– Здорово, если так нравится, – ответил охранник.
Я попрощалась и пошла прочь, всего лишь раз оглянувшись через плечо. Охранник все стоял на пороге своей наблюдательной будки и, когда я обернулась, помахал мне рукой.
Бревно, на котором я сидела, было тяжелым, как свинцовая болванка, и пахло смолой. Под высоким серым цилиндром возвышавшейся на холме водонапорной башни в море дугой уходила песчаная отмель. Во время прилива она полностью скрывалась под водой.
Я хорошо помнила эту отмель. В самой середине ее внутреннего изгиба можно было найти особенные ракушки, которые на берегу больше нигде не встречались.
Ракушки были толстые, гладкие, крупные – с фалангу большого пальца – и почти всегда белые, хотя иногда попадались розовые или персиковые. Формой они напоминали маленькое ухо.
– Мама, эта девушка так там и сидит.
Я лениво подняла взгляд и увидела маленького, перепачканного песком ребенка, которого оттаскивала от воды худая, с птичьими глазами женщина в красных шортах и блузке в красно-белой горошек на бретельках.
Я не рассчитывала, что на пляже окажется столько отдыхающих. За десять лет моего отсутствия на здешних песчаных берегах, словно безвкусные грибы, выросли вычурные синие, розовые и светло-зеленые летние домики, а серебристые самолеты и сигарообразные дирижабли уступили место реактивным лайнерам, сотрясающим крыши ревом двигателей при взлете или посадке в аэропорту на другом берегу залива.

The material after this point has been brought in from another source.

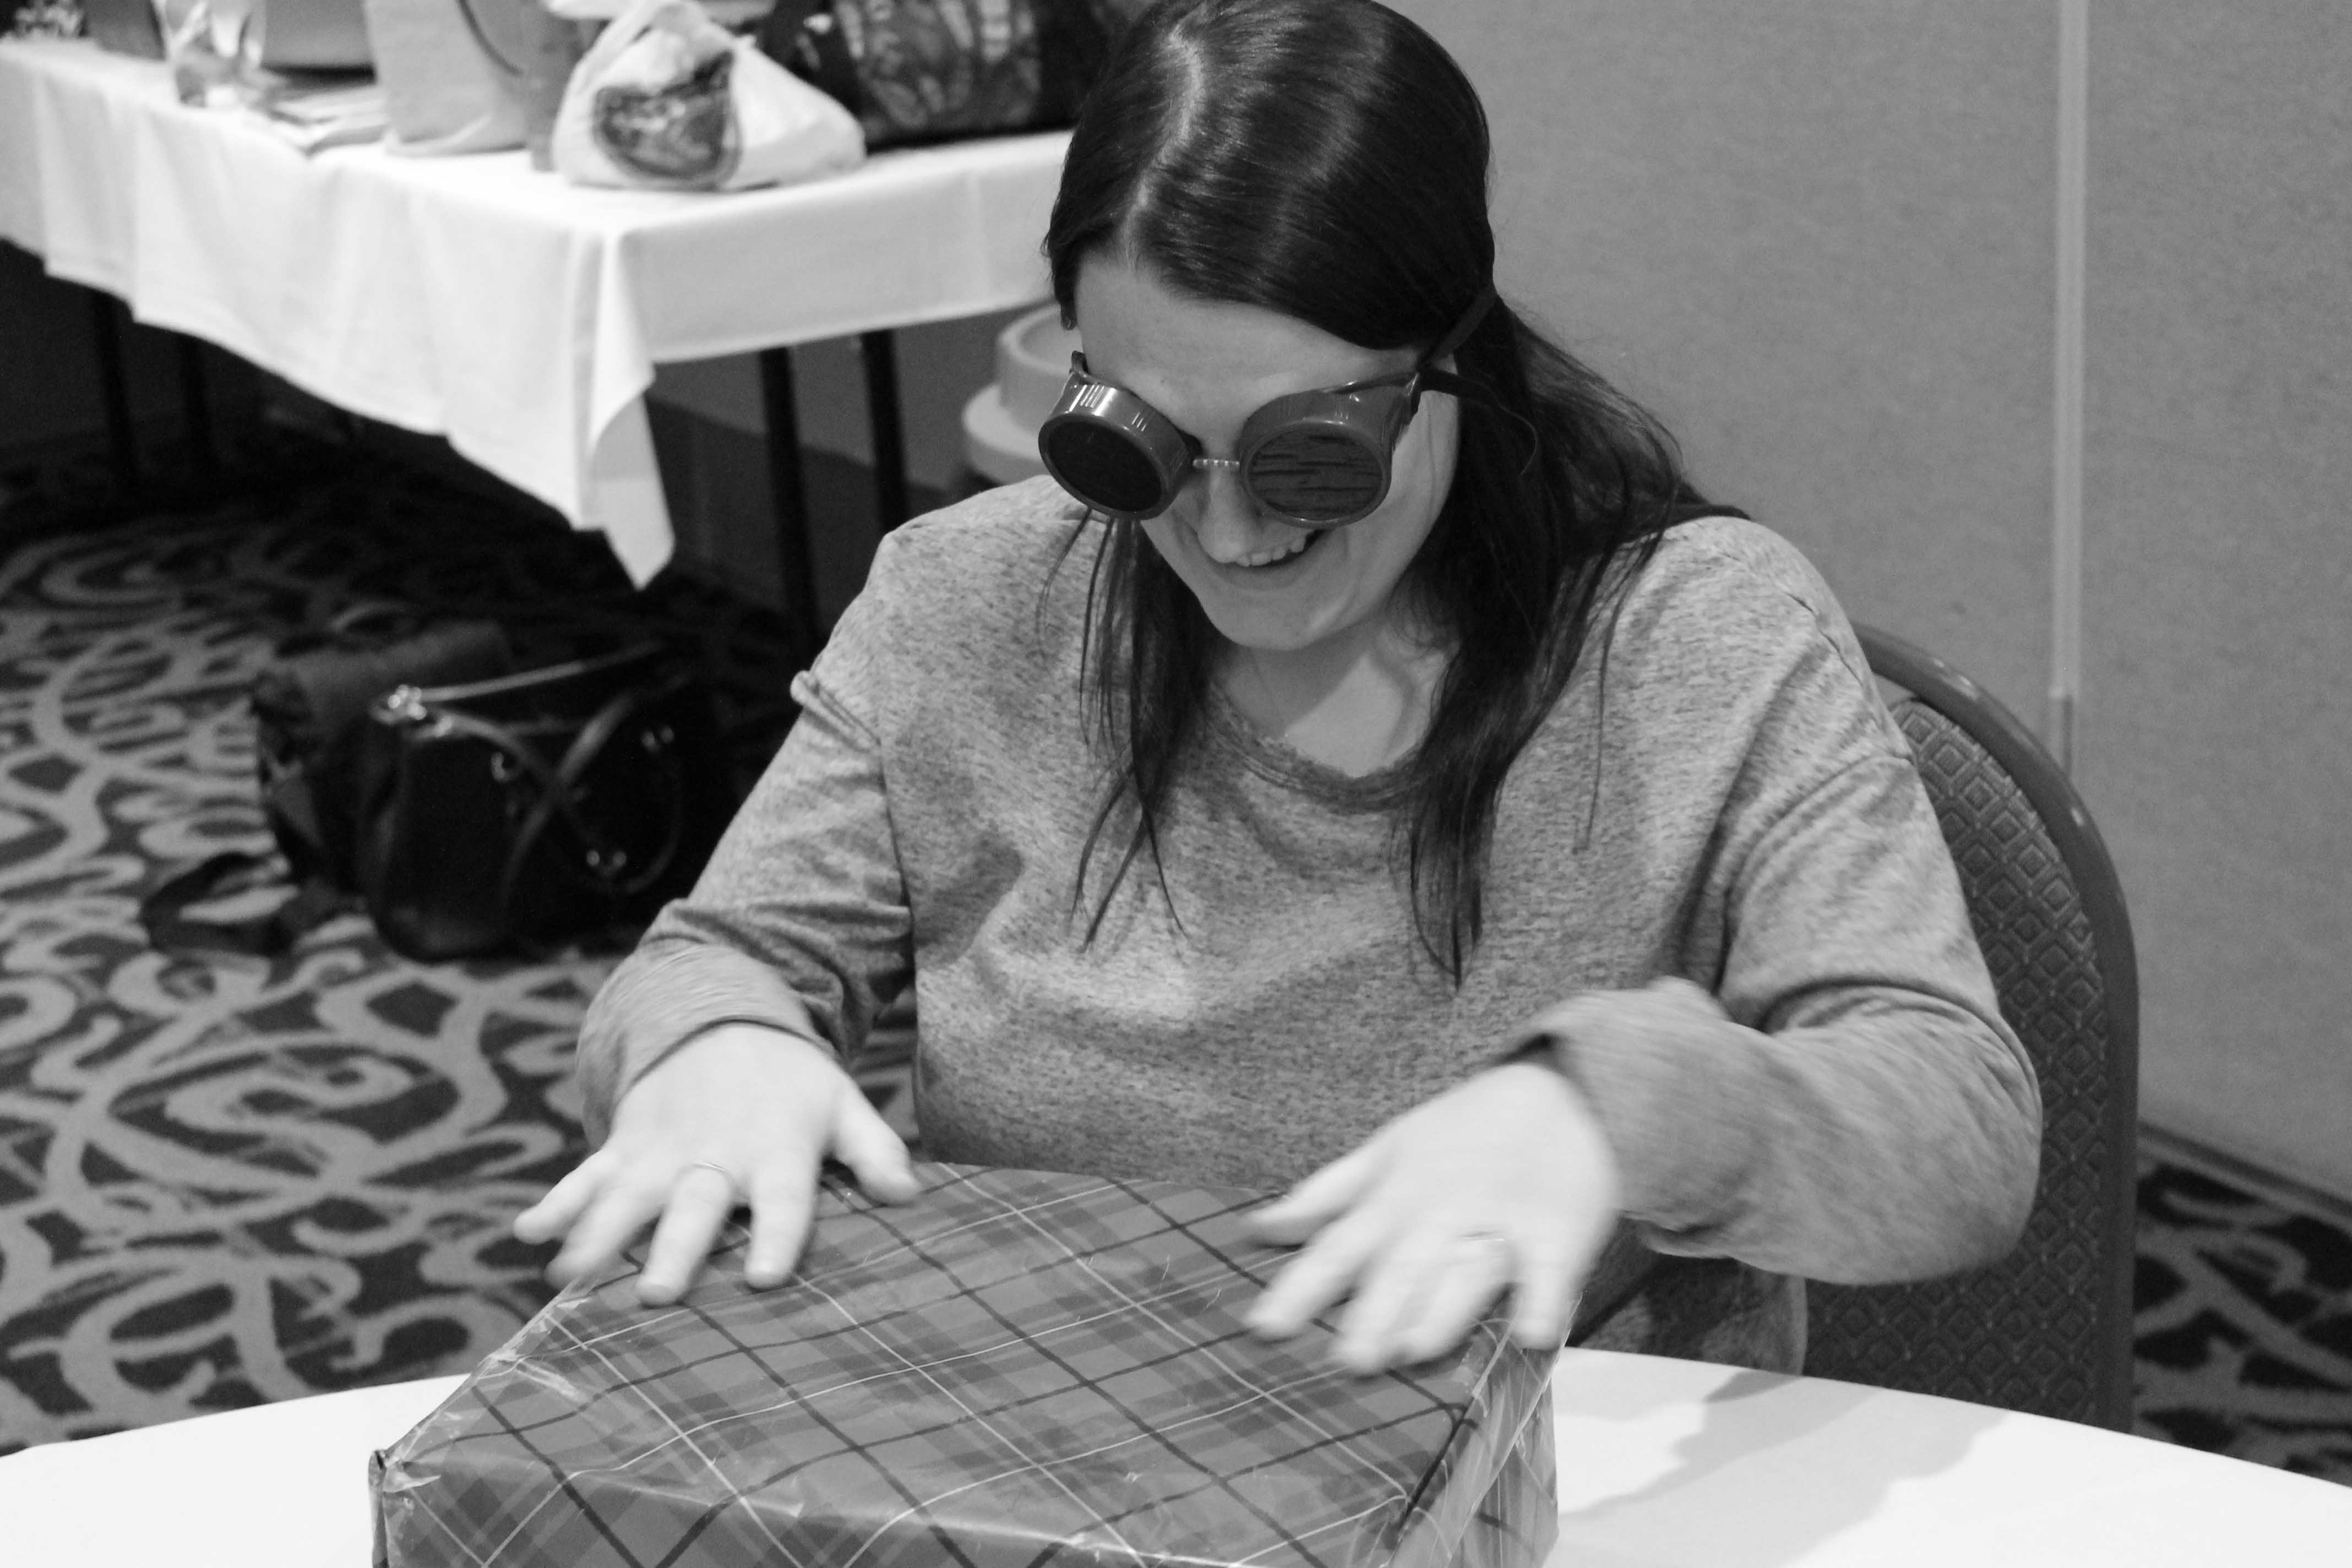 Une photo en noir et blanc d’une jeune femme assise à une table durant un exercice de formation par simulation. Elle porte des lunettes de simulation et manipule un « cadeau » carré, emballé dans du papier à motifs.

Я оказалась единственной девушкой на берегу в юбке и на высоких каблуках, и мне пришло в голову, что я, наверное, привлекала внимание. Через какое-то время я сняла свои лакированные черные туфли, потому что они глубоко увязали в песке, и с радостью подумала, что после моей смерти они останутся стоять здесь, на отливающем серебром бревне, указывая на море, словно компас для потерянных душ.
Я нащупала в сумочке коробочку с лезвиями. Потом подумала, какая же я дура. Лезвия у меня были, а вот теплой ванны – нет.
Я прикинула, а не снять ли мне комнату. Среди этих летних домиков наверняка есть какой-нибудь пансион. Но у меня не было багажа. Это вызовет подозрения. К тому же в пансионах постояльцам вечно нужно в ванную. Я едва успею залезть в ванну, как кто-нибудь начнет колотить в дверь.
Чайки, стоявшие на длинных тонких ногах у самого края отмели, мяукали, как кошки. Затем одна за другой взмыли вверх на своих пепельных крыльях и, плаксиво крича, сделали круг у меня над головой.
– Тетенька, вам бы лучше уйти, вот-вот прилив начнется. – Маленький мальчик присел на корточки в нескольких метрах от меня, взял круглый лиловый камень и запустил его в воду.
Море поглотило его с громким всплеском. Мальчик принялся собирать камешки, и я слышала, как они сухо звякали у него в руке, словно монеты.
Он швырнул плоский камешек по мутной зеленой поверхности, и тот отскочил семь раз, прежде чем исчез из виду.
– А ты что домой не идешь? – спросила я.
Мальчишка запустил еще один камень, потяжелее. Тот утонул после второго отскока.
– Не хочется.
– Тебя же мама ищет.
– Не ищет. – В его голосе слышалось беспокойство.
– Если пойдешь домой, я дам тебе конфету.
Мальчишка подошел поближе.
– А какую?
Но, даже не заглядывая в сумочку, я знала, что в ней лишь ореховая шелуха.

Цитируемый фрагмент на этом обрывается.